Hi @cRaZy-T,
You didn’t mention which platform you are creating virtual machines on, but if you are using one that supports some idea of “user data” and you are using a machine image which includes cloud-init then I’d encourage first trying what’s described in Passing data into virtual machines and other compute resources under Provisioners are a Last Resort.
For example, if you were using AWS EC2 then you could include in user_data
a cloud-init configuration to create the three files without any need for Terraform to connect to the system via SSH, like this:
resource "aws_instance" "example" {
# ...
user_data = <<-EOT
#cloud-config
${yamlencode({
write_files = [
for sring in var.list : {
path = "/tmp/${sring}.conf"
encoding = "b64"
content = base64encode(templatefile("${path.module}/template.tpl", {
sring = sring
}))
}
]
})}
EOT
}
This is intended to dynamically generate something like the cloud-config example Writing out arbitrary files, which instructs cloud-init to create some files on disk during the early boot process. The content of those files will be base64-encoded and included as part of the “cloud-config” YAML, which means that the resulting YAML document must be within the size limits of user data on your chosen platform. For Amazon EC2, that limit is 16KiB. Other platforms typically have limits of a similar order of magnitude.

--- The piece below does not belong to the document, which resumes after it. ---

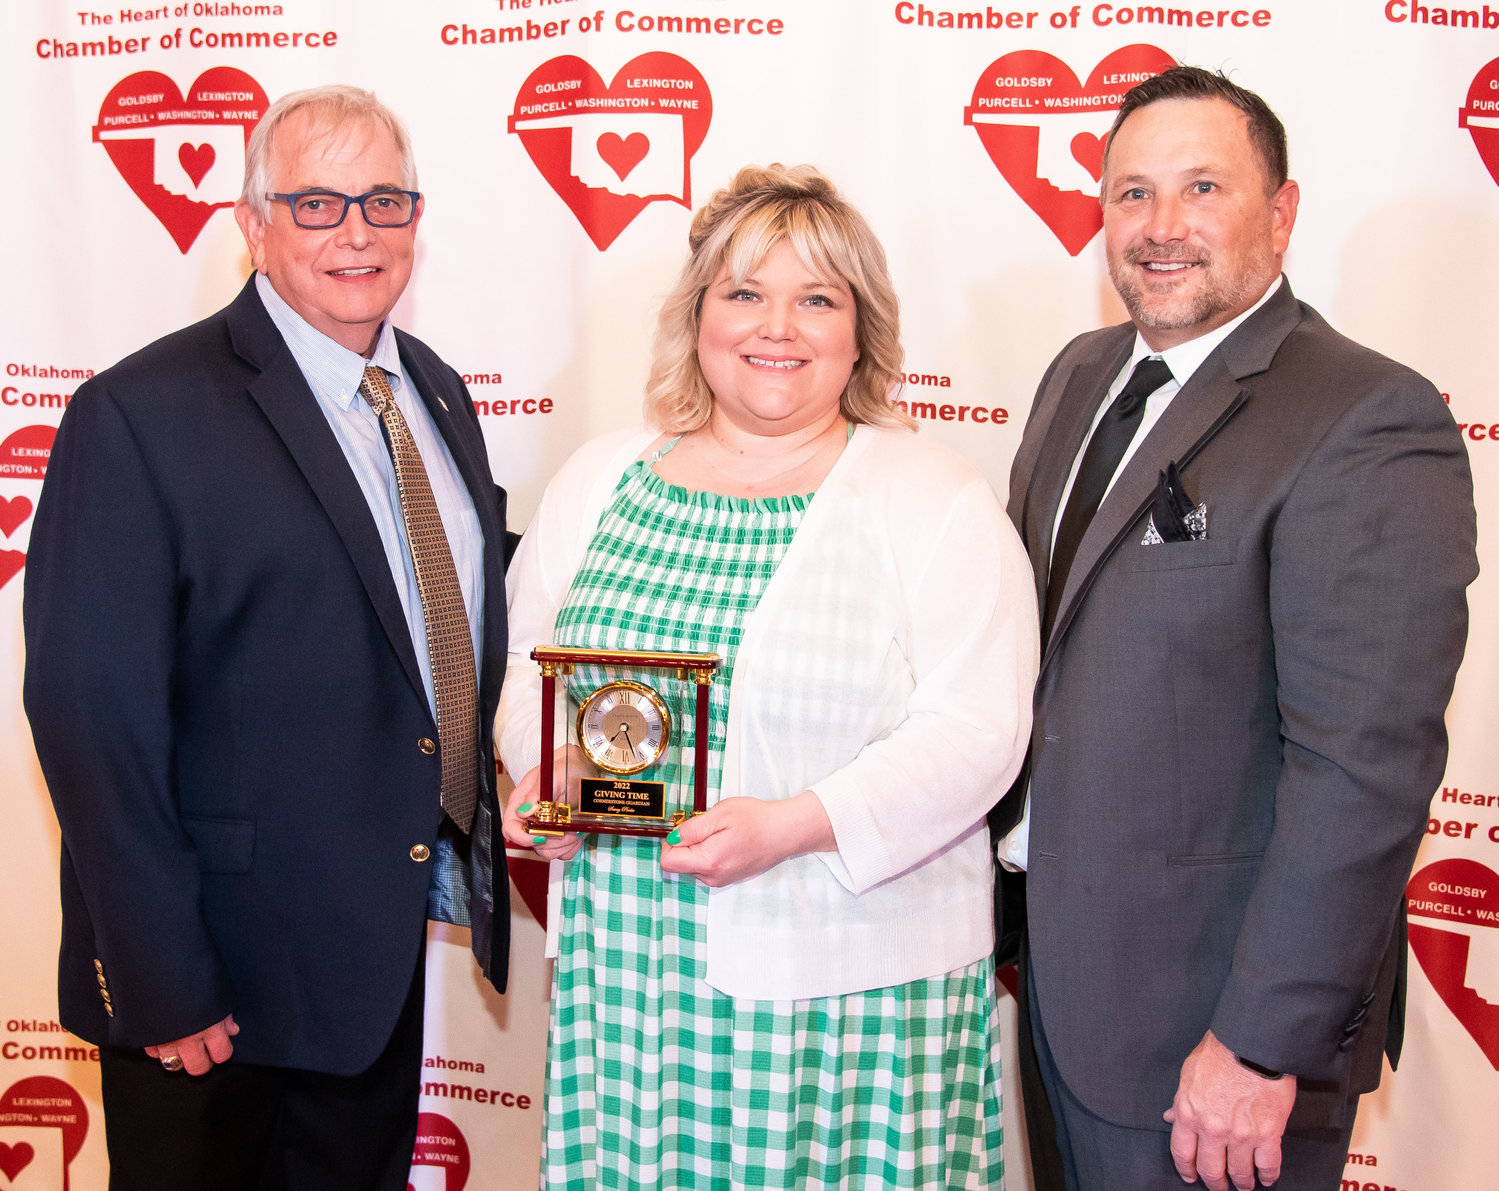 Purcell business woman Savannah Pyle was honored at the chamber banquet last Thursday as the Cornerstone Guardian winner. Pyle operates Savvy Parke in downtown Purcell. Making the presentation was City Manager Dale Bunn and Chamber President Chris Goldsby. The Cornerstone Guardian Award is given annually to honor distinguished corporate leadership.

The Terraform documentation I linked above describes some equivalent features for various other cloud platforms, so hopefully you can translate this example to whichever platform you are using.

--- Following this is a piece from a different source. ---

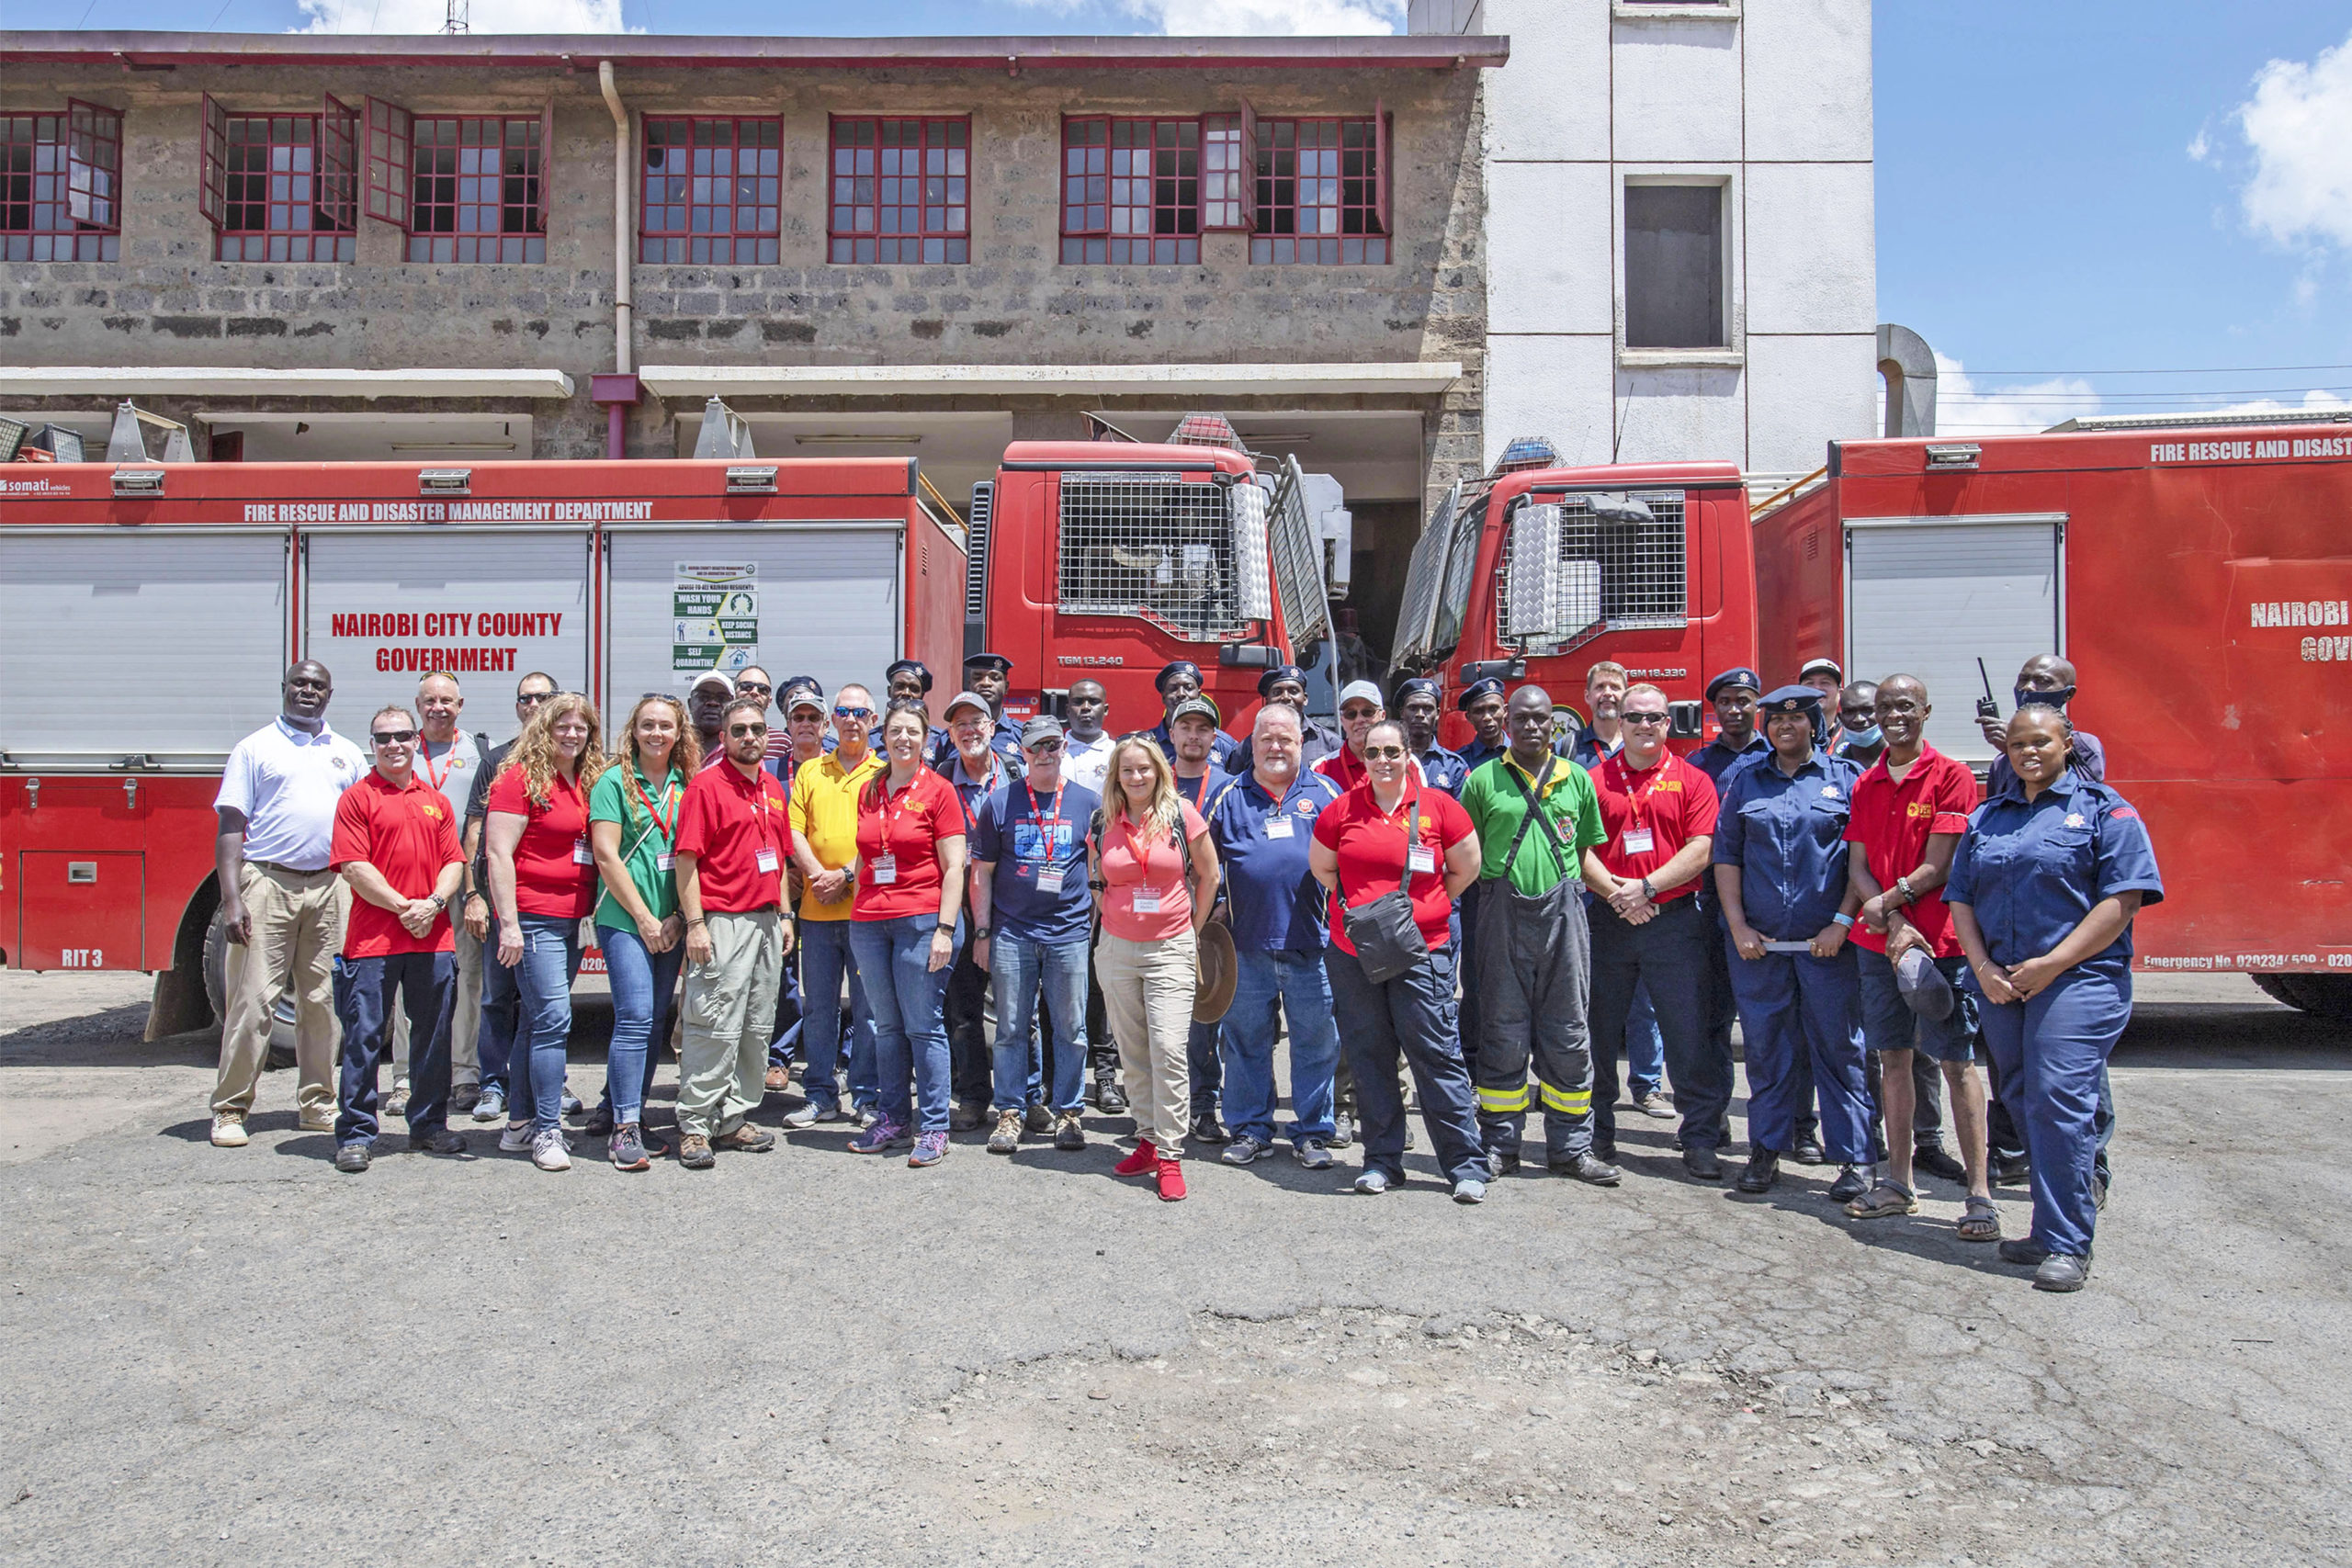 American firefighters shared information and ladder rescue training with members of the Kenyan Fire Service at the Enterprise Road Substation fire station in Nairobi, Kenya, as part of an Africa Fire Mission trip in November.

If you find that cloud-init can’t work for your situation and you’re convinced that provisioners are the only viable alternative, the only way to dynamically declare multiple provisioner blocks is to declare a dynamic number of resource instances. It sounds like you already tried putting count
in the resource block of the object you want to provision, and that didn’t work for you because you only want one VM with multiple files, not one VM per file.

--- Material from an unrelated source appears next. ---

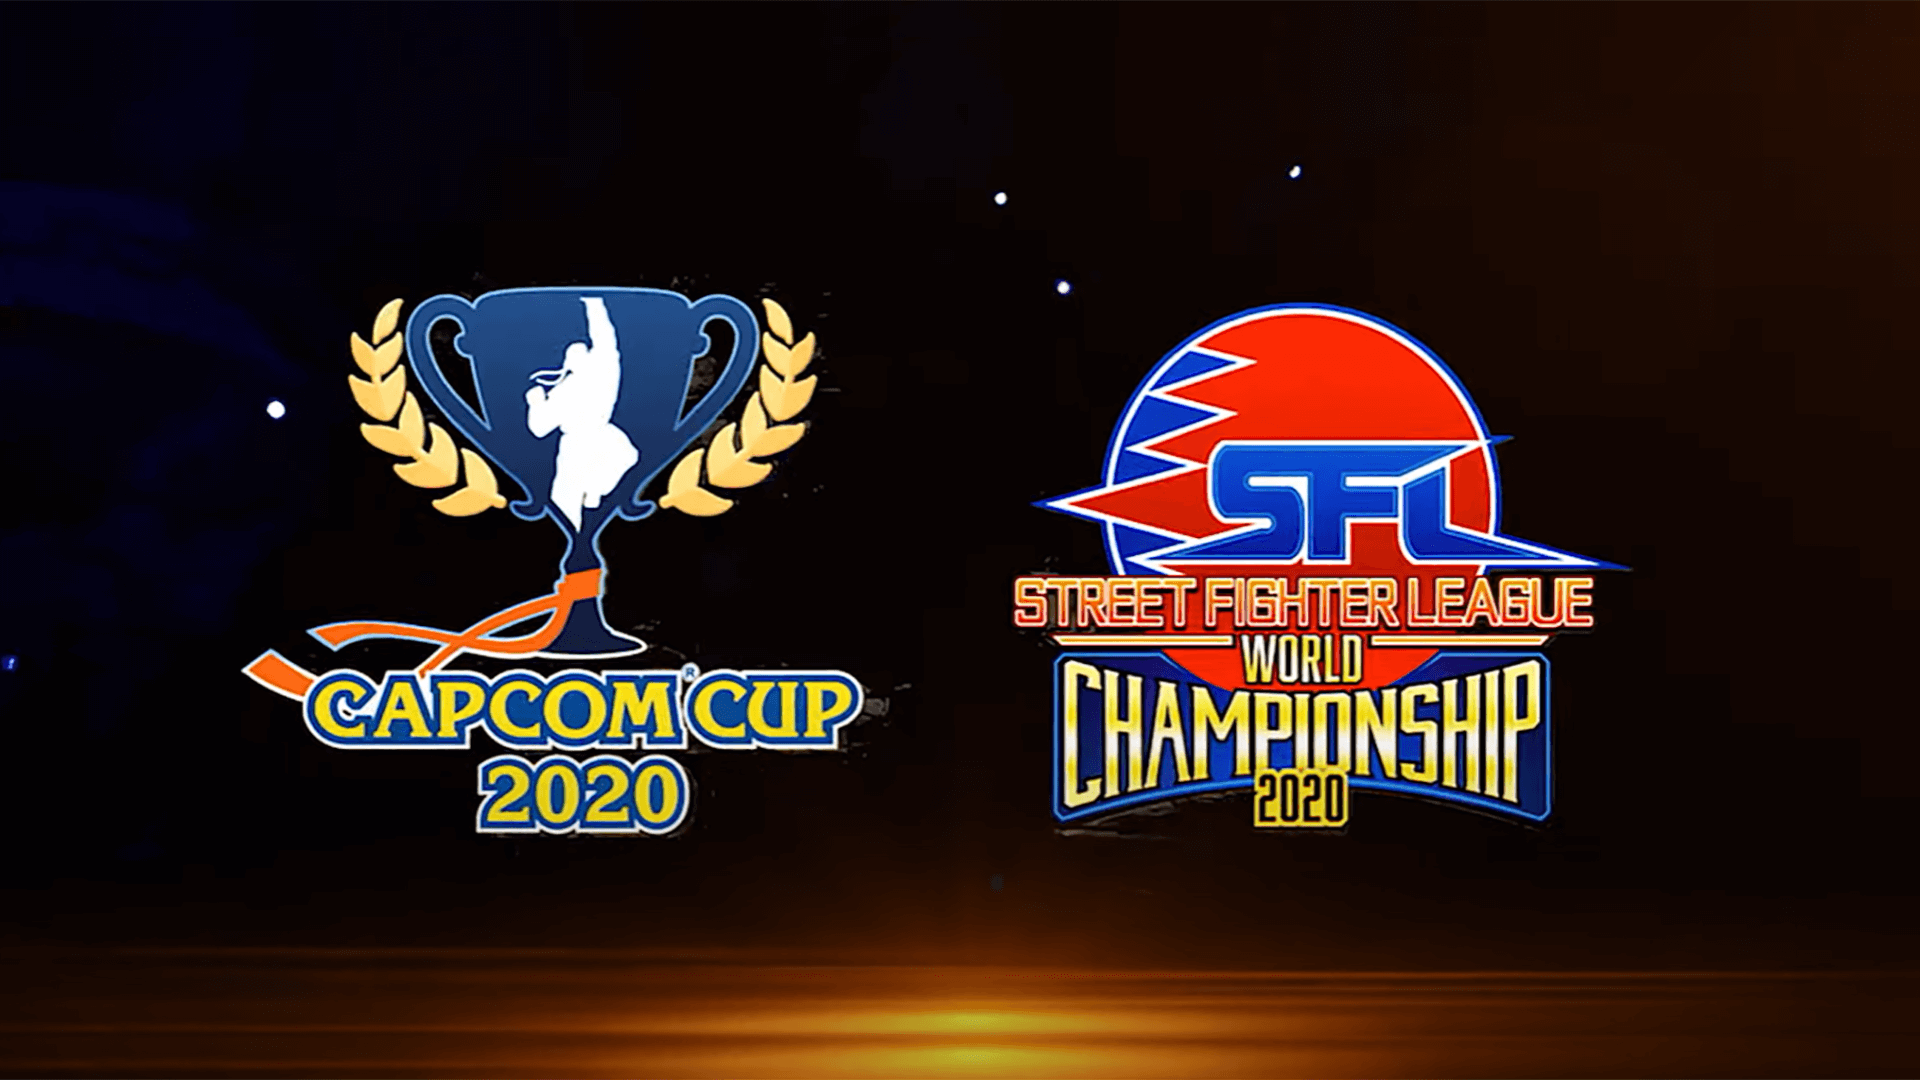 Capcom Cup 2020 announced and locked in to start February 19th

If you need a dynamic number of files on a single VM then I think the main way to achieve that would be to separate the provisioner into a separate resource which does nothing except run the provisioner. The null_resource
resource type belonging to the hashicorp/null
provider is a typical choice for this because it has no actual create-time or destroy-time behavior of its own, and so it can serve as a container that only runs provisioners.
Again I’m going to use aws_instance
for the sake of example because you didn’t mention which platform you are using. Hopefully you can translate this example to your chosen platform’s equivalent virtual machine resource type.
terraform {
required_providers {
aws = { source = "hashicorp/aws" }
null = { source = "hashicorp/null" }
}
}
resource "aws_instance" "example" {
# ...
}
resource "null_resource" "each_file" {
for_each = toset(var.list)
triggers = {
ip_address = aws_instance.example.private_ip
content = templatefile("${path.module}/template.tpl", {
sring = each.key
})
}
connection {
type = "ssh"
host = self.triggers.ip_address
# ...
}
provisioner "file" {
content = self.triggers.content
destination = "/tmp/${each.key}.conf"
}
}
# OPTIONAL: If you need to take some other provisioning
# action after all of the files are uploaded, include this
# additional resource which depends on all of the
# file-uploading resource instances.
resource "null_resource" "after_files" {
triggers = {
ip_address = aws_instance.example.private_ip
# This will make sure the provisioners in this
# resource re-run if any of the file provisioners
# are re-run, or if you change the number of
# files.
file_provisions = sha1(jsonencode({
for k, o in null_resource.each_file : k => o.id
}))
}
connection {
type = "ssh"
host = self.triggers.ip_address
# ...
}
provisioner "remote-exec" {
# (whatever you need to do when the files are all uploaded.)
# ...
}
}
This is significantly more complex than the cloud-init based approach, so I would not recommend it except as a last resort.